Researchers say louder smoke alarms needed to rouse sleeping children

? Anna Marie Newson thought her family would be safe with smoke detectors in her home’s hallways and the bedrooms of her five children.

But the Milwaukee-area mother got an alarming wake-up call when the blaring detectors failed to rouse several of the children during an experiment done by local fire officials and a television news crew.

“We were outside and we could hear the alarms going off,” Newson said in an interview this week. “It’s kind of scary. At least now we know.”

Those results helped prompt a warning from safety specialists that it may take more than just the traditional siren-based alarms to awaken young children during a fire.

Proposed alternatives include recordings of parents’ voices, vibrating alarms or even flashing strobe lights, according to the Northbrook, Ill.-based Underwriters Laboratories, an independent organization that certifies safety for consumer products.

Government data show that from 1991 to 2000, there were more than 33,000 deaths from residential fires nationwide — 24 percent among children under 15, Underwriters Laboratories says.
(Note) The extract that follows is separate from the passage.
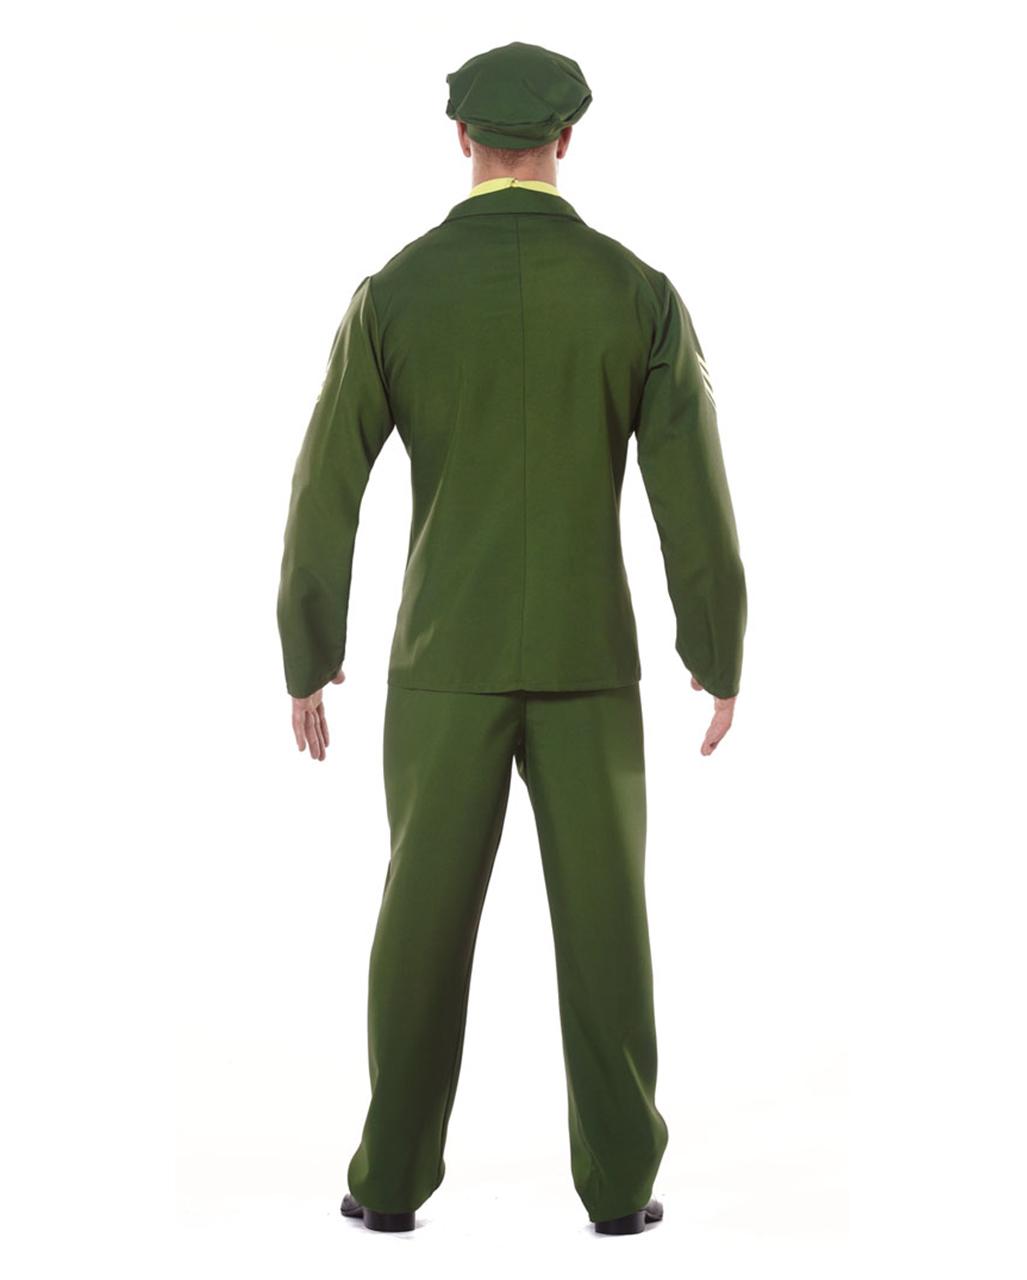 soldaten uniform kost m milit r kost m karneval universe. Black Bedroom Furniture Sets. Home Design Ideas

Newson found she had to awaken several of her children, then aged 8 through 14, after eight minutes of blaring. Fire officials say less than two minutes is an optimal escape time.

Children younger than 10 spend as much as 30 percent of their slumber time in deep hard-to-rouse-from sleep, while adults spend as little as 10 percent of their slumber in deep sleep, said Dr. Stephen Sheldon, a sleep specialist at Chicago’s Children’s Memorial Hospital.

Children also are more likely to be disoriented and confused when awakened during the deep-sleep phase, he said.

“The amount of sound that’s required to awaken a child during middle childhood is enormous, much greater than currently available smoke alarms,” said Sheldon, who co-chaired the UL panel.